The Substrate Age Gradient of Arizona (SAGA) is a primary succession chronosequence near Flagstaff, Arizona. It is comprised of four semiarid sites that range in age from 1 thousand years (pictured above) to 3 million years.
In the first half of the 20th century, soil scientists and ecologists recognized that soil development occurs due to the interaction of 5 state factors: climate, organisms, relief, parent material, and time. Substrate age gradients seek to hold the first four of these state factors constant, while allowing time to vary. Therefore, substrate age gradients isolate the effect of time on soil formation and associated processes.

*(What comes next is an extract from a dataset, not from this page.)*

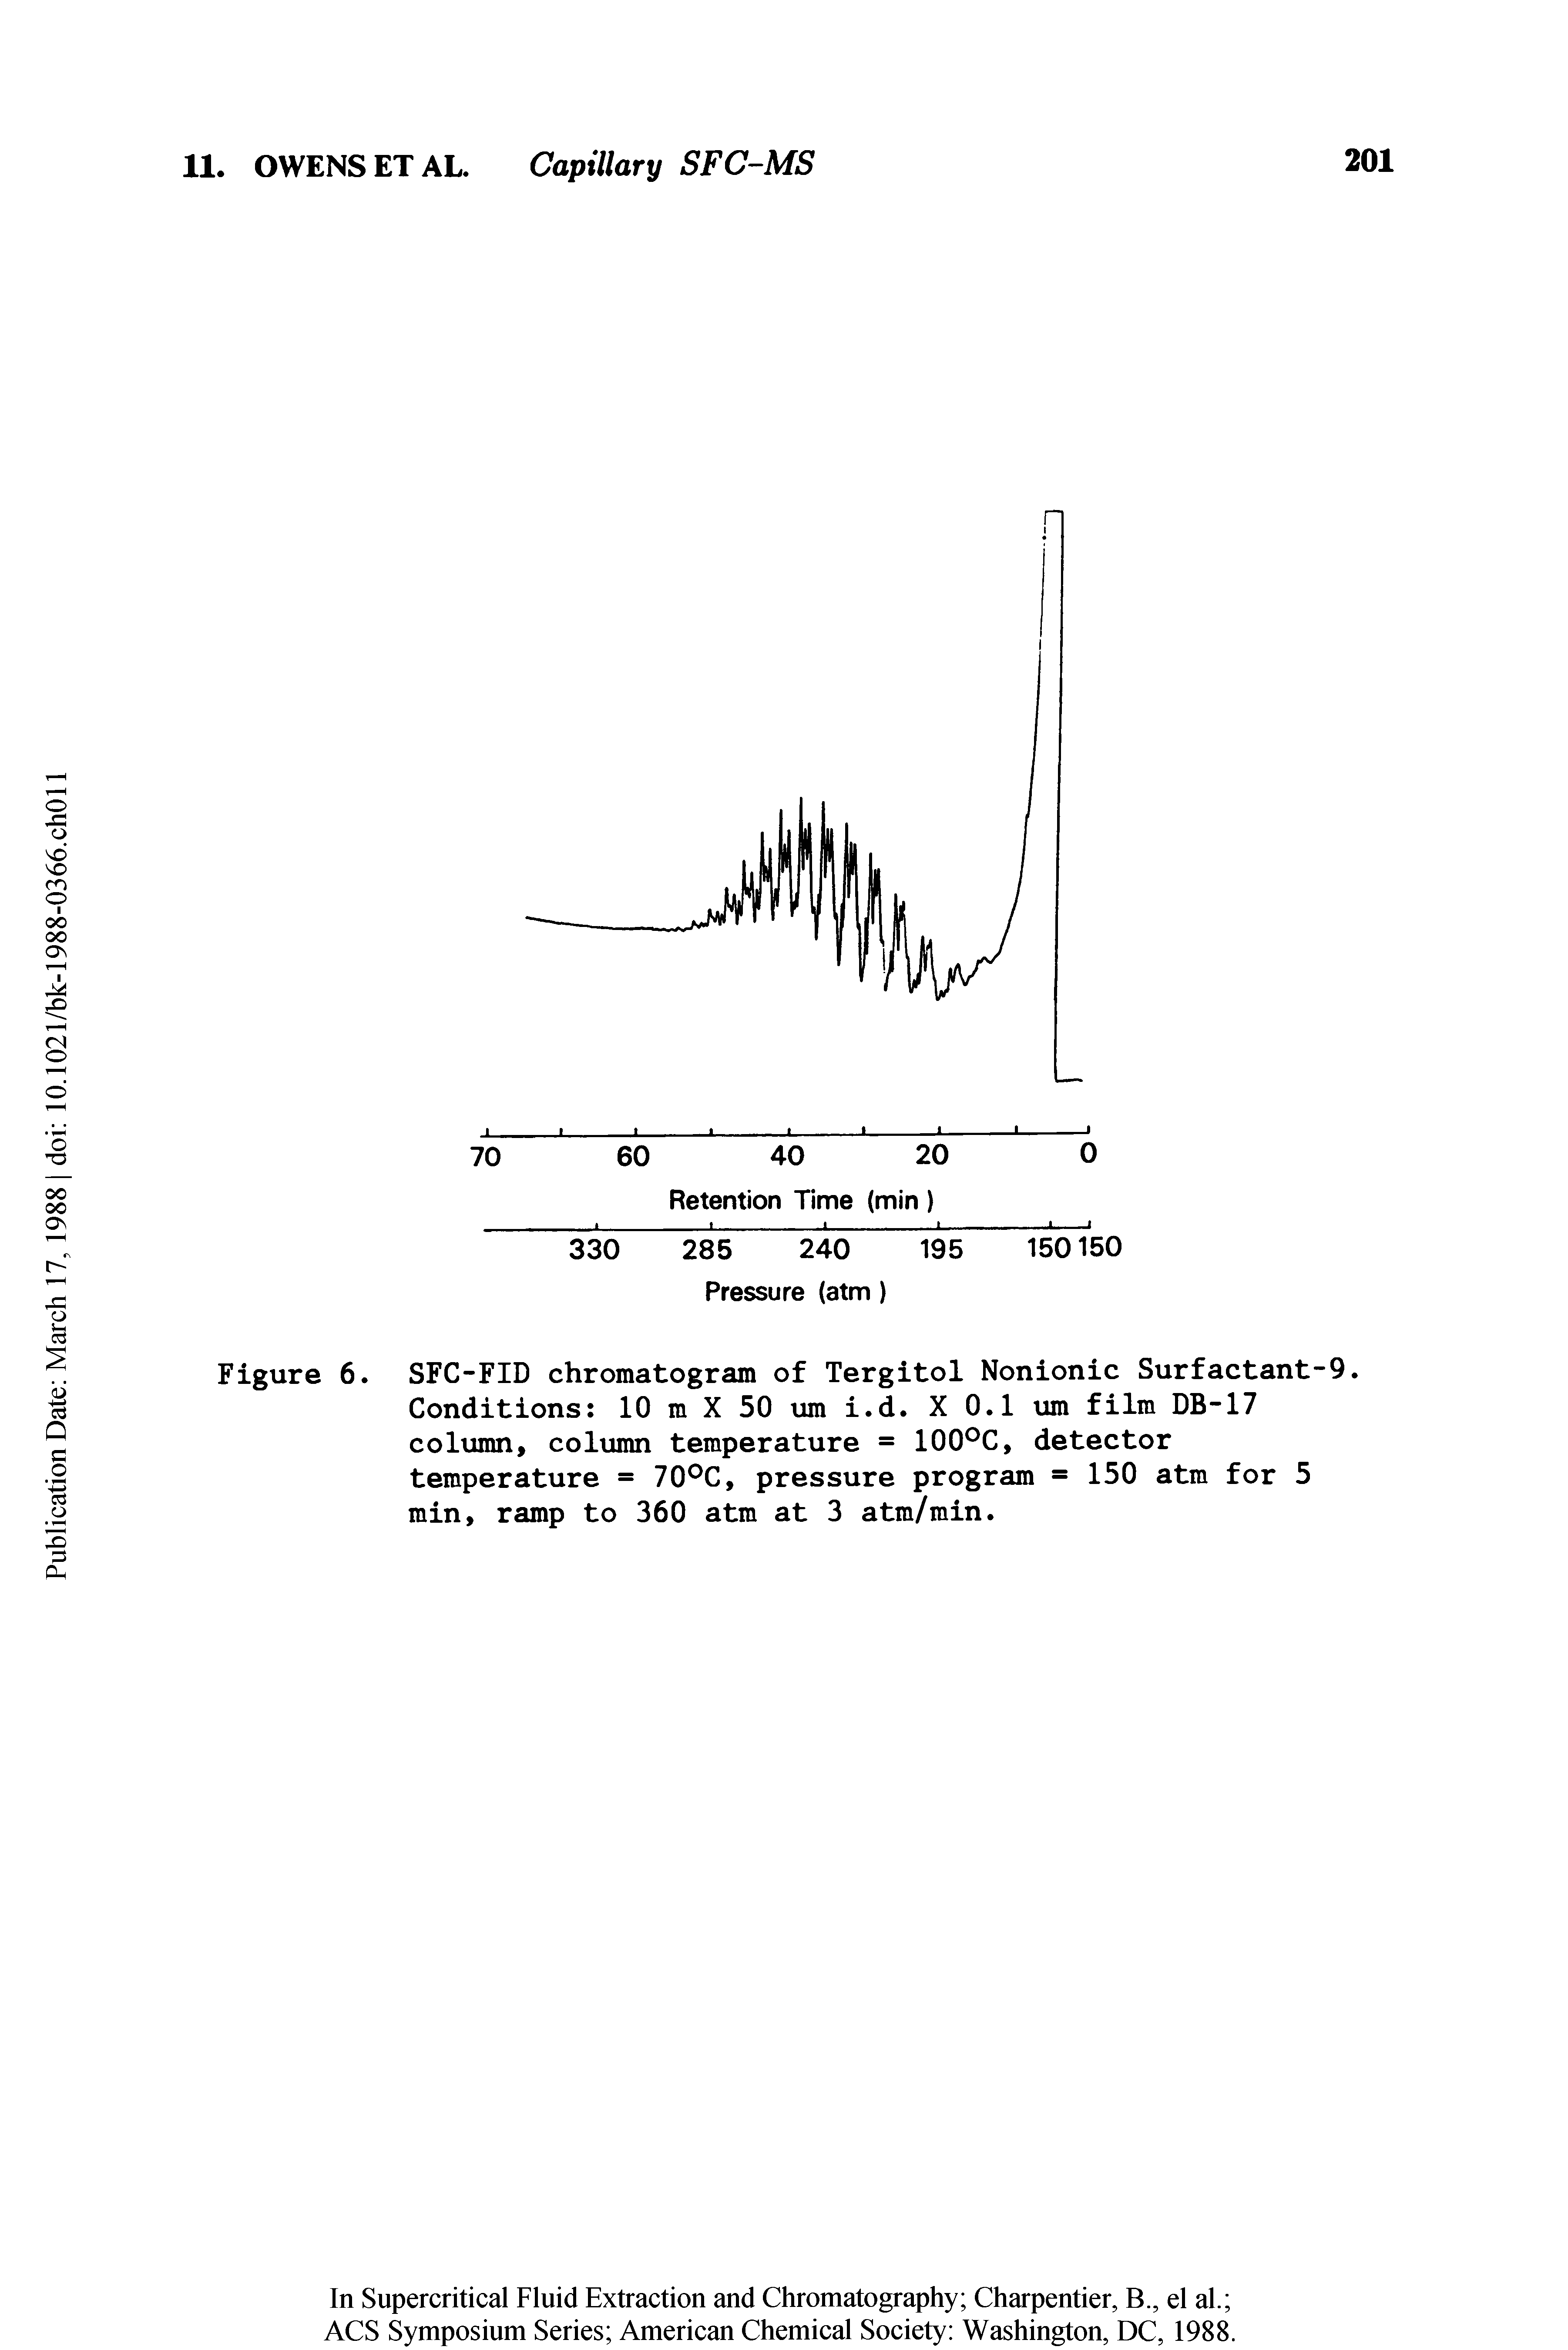 Figure 6. SFC-FID chromatogram of Tergitol Nonionic Surfactant-9. Conditions 10 m X 50 urn i.d. X 0.1 tim film DB-17 column, column temperature = lOO C, detector temperature = 70 C, pressure program = 150 atm for 5 min, ramp to 360 atm at 3 atm/min.

The SAGA is a unique study system. It is located in a semiarid ecosystem (~325 mm precipitation y-1), and the microclimate, dominant vegetation, relief, and parent material among sites are all remarkably similar. The sites that comprise the SAGA were formed as part of the larger San Francisco Volcanic Field (SFVF), a 5000 km-2 region in northern Arizona. The SFVF has migrated over a magmatic hotspot in the Earth’s crust at a rate of ~2cm y-1. As a result, the SFVF is home to more than 600 cinder cones volcanoes, 4 of which are utilized by the SAGA.
In the last decade, we have learned a great deal about carbon, nutrient, and water cycles in plants and soils at the SAGA. An ever-growing body of literature has been published regarding the SAGA, providing both fundamental theory of how primary succession proceeds in arid ecosystems and baseline data that would be of use to future research.
Published SAGA literature
Coble, A.A., S.C. Hart. 2016. No evidence of resource limitation to aboveground growth of blue grama (Bouteloua gracilis) on 1 ky-old semi-arid substrate. Biogeochemistry 131(1-2), 243-251.

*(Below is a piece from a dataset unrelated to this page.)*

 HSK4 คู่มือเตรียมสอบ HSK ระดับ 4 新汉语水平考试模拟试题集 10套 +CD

Kane, J.M., F.L. Dugi, T.E. Kolb. 2015. Establishment and growth of pinon pine regeneration vary by nurse type along a soil substrate age gradient in northern Arizona. Journal of Arid Environments 115:113-119.
Sullivan, B.W., M.K. Nasto, S.C. Hart, B.A. Hungate. 2015. Proximate controls on semiarid soil greenhouse gas fluxes across 3 million years of soil development. Biogeochemistry 125(3): 375-391.
Newman, G.S., S.C. Hart. 2015. Shifting soil resource limitations and ecosystem retrogression across a three million year semi-arid substrate age gradient. Biogeochemistry 124(1):177-186.
Coble, A.A., S.C. Hart, M.E. Ketterer, G.S. Newman, A.L. Kowler. 2015. Strontium source and depth of uptake shifts with substrate age in semiarid ecosystems. Journal of Geophysical Research:Biogeosciences 120(6): 1069-1077.
Coble, A.A., S.C. Hart. 2013. The significance of atmospheric nutrient inputs and canopy interception of precipitation during ecosystem development in piñon-juniper woodlands of the southwestern USA. Journal of Arid Environments 98, 79-87.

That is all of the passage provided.